The human body is a complex organism. This complexity is possible because interacting proteins, peptides, hormones, and other molecules have specific roles. This specificity can be illustrated by the "lock and key" analogy. The biochemist, on the otherhand, understands and explains molecule specificity through the "dissociation constant", one measurement of affinity between interacting molecules. We take advantage of the differential affinities that exist between interacting molecules in our design of optimal carrier molecules, our drug delivery vehicles, thus creating or enabling potentially superior therapies to treat human disease.

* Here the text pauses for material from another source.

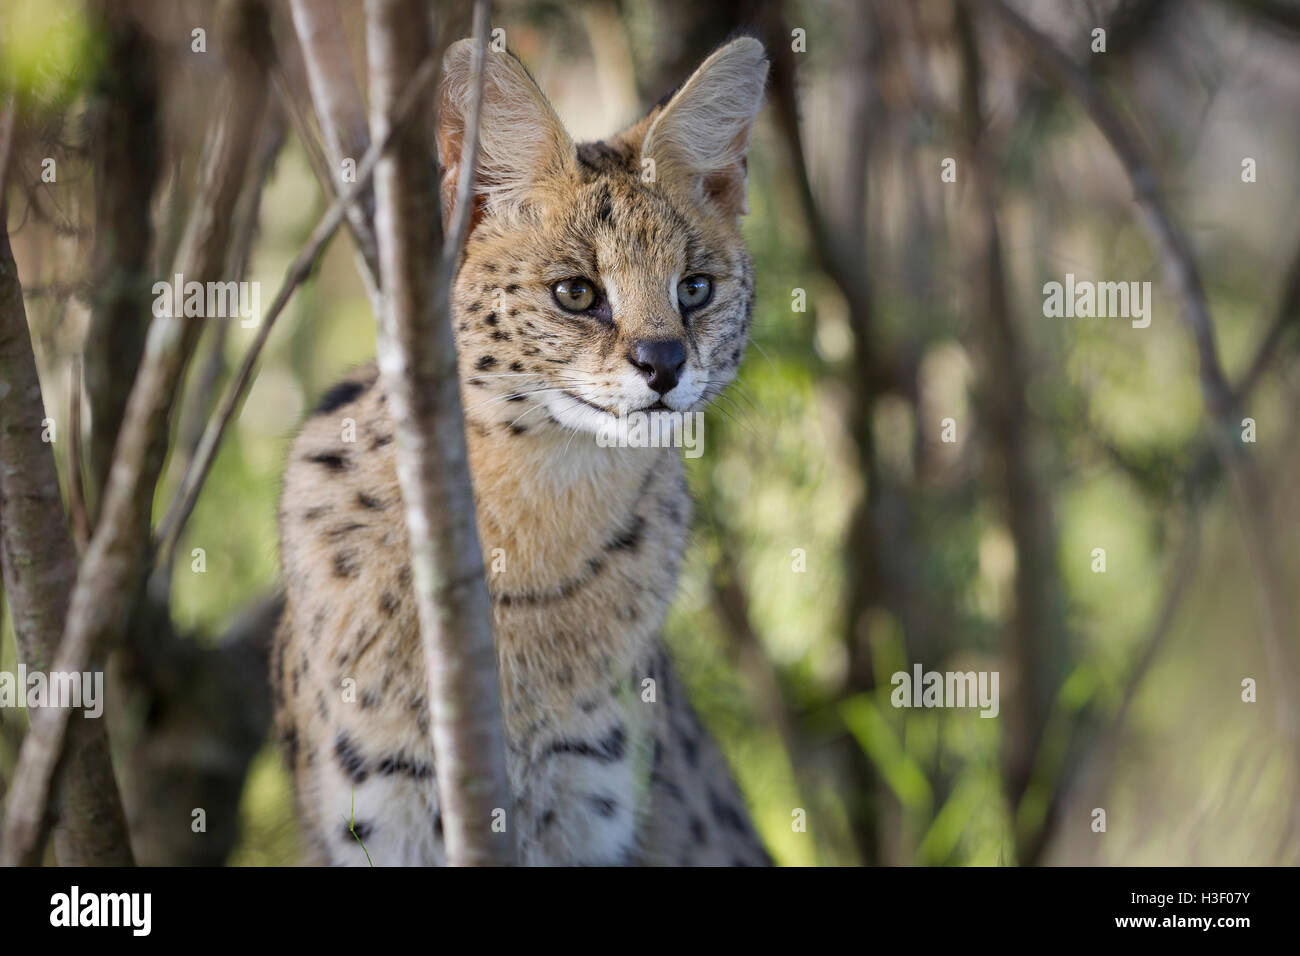 Dies ist ein Porträt von einem Serval, eine gemeinsame Wildkatze im südlichen Afrika. (fotografiert im Naturschutzgebiet). Stockfoto

The company's approach to drug delivery focuses on three key interactions, quantified by a dissociation constant (or "Kd") or its reciprocal, the association constant ("Ka"):

A) "Receptor and Drug" - this interaction should have high affinity (the highest of the three for a good therapy, a therapy with minimal side effects).

B) "Carrier and Drug" - this interaction should have strong affinity, but weaker than that of a drug and target receptor (so the drug remains a payload until the stronger affinity of the target receptor is present). We can control this interaction to a great extent.

C) "Unintended target and Drug" - this interaction should be the weakest of all three. The affinity between a chosen drug and an unwanted target(s) should play a very minor role in releasing drug payload from the carrier, i.e. the carrier holds drug payload tightly until the higher affinity strength interaction with a target receptor is encountered.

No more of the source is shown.